What excites you about your journey ahead?
Singapore’s dynamic, progressive and ever-changing research landscape. That vibrant ecosystem is essential for exploring new ideas and forming collaborations. A*STAR also provides a good platform for conducting interdisciplinary work as it oversees a diverse talent pool that spans 17 different research institutes.
Speaking with friends of various nationalities, I realized how fortunate we are to have extensive funding for R&D, with A*STAR and local universities housing state-of-the-art equipment for cutting-edge research. In the near future, I hope to apply the skills I’ve learnt abroad to the Singaporean context and contribute in unique ways.
Beyond research, I believe it’s also important to pay it forward and mentor the next generation of budding scientists during my deployment. The A*STAR scholarships allowed me to pursue world-class education both locally and abroad without financial worries, providing opportunities to work under scientists with different mentoring styles. From revising my first manuscript to tagging along for departmental seminars, these experiences have shaped my scientific perspective and prepared me well to embark on a PhD degree.
What advice would you give those pursuing similar STEM journeys?
I would like to share a quote by the late Stephen Hawking, a British physicist and cosmologist: “Science is not only a disciple of reason but, also, one of romance and passion.” Research is indeed an arduous but rewarding journey because you are stepping into the unknown, constantly adapting and always learning something new.
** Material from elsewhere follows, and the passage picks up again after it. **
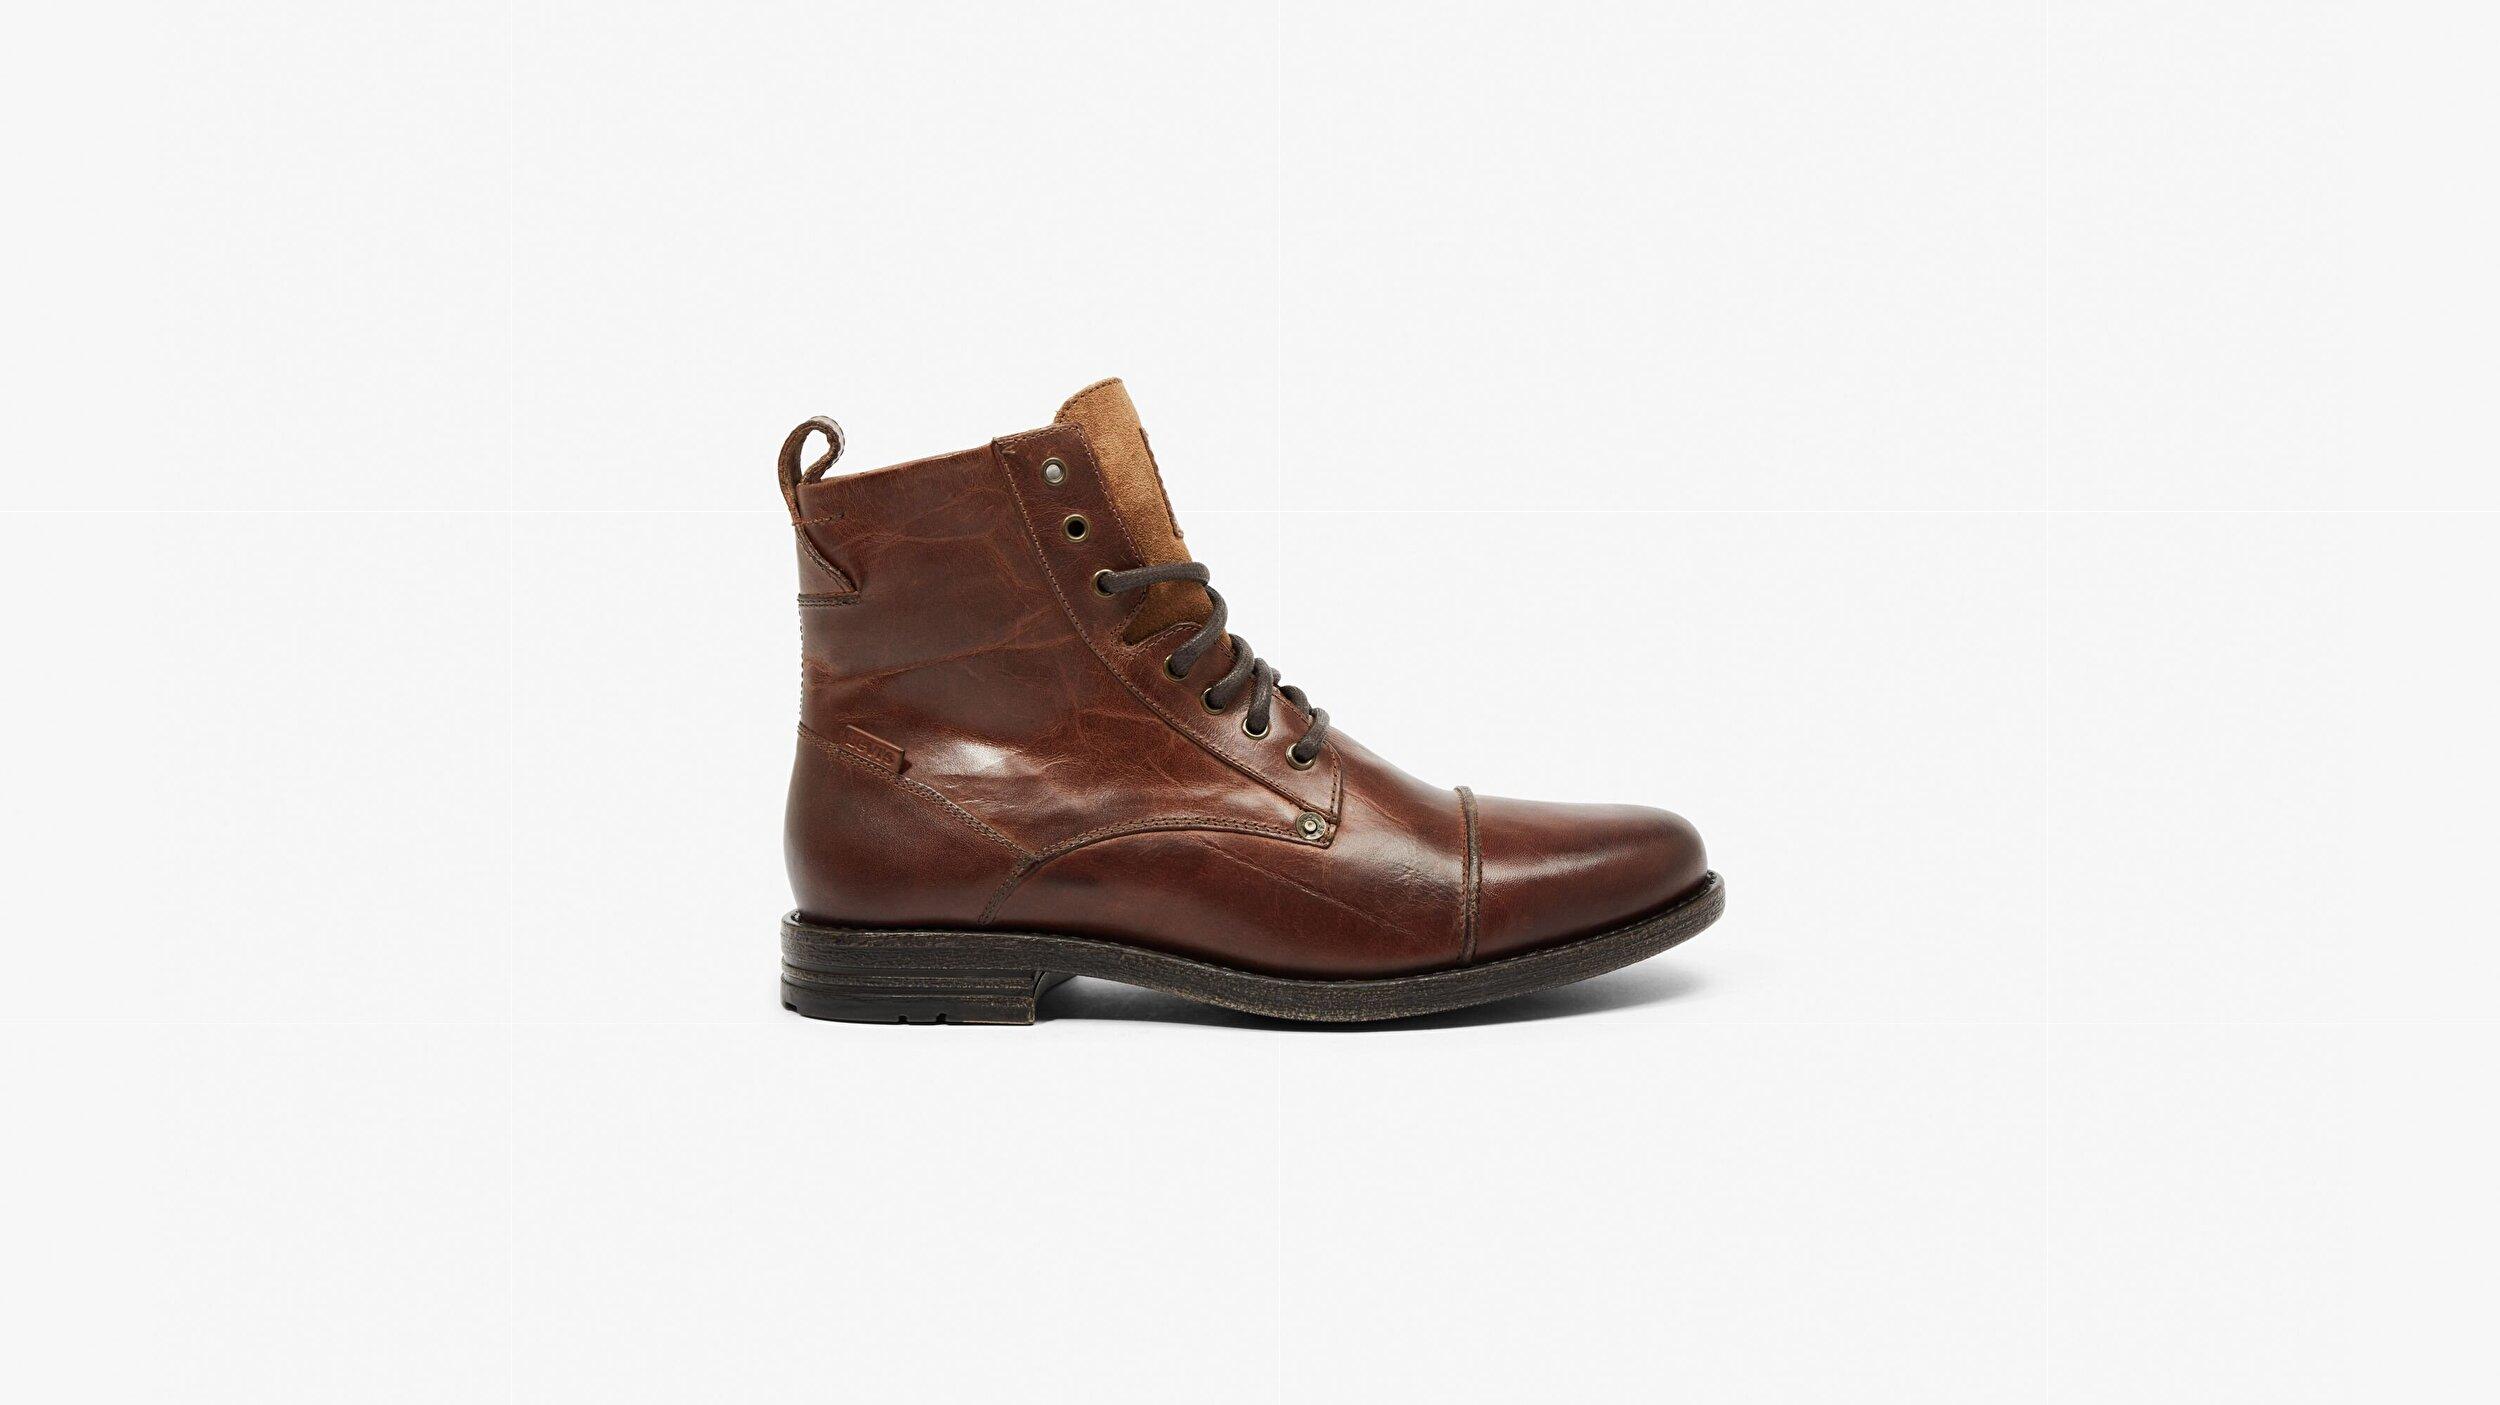 Emerson Erkek Deri Çizme

I had a tough start to my PhD, given that it was my first foray into optoelectronics and electrochemistry; I spent countless nights troubleshooting in the lab. I do remember my excitement when I finally made my first working device—I immediately fabricated at least three more copies to assure myself that I wasn’t dreaming!
It’s always the darkest before dawn, but find the burning passion within yourself to stay motivated even when you’re at your lowest. Along the way, do reach out and seek support from your principal investigator and lab mates; their fresh perspectives will help you grow and mature as a scientist.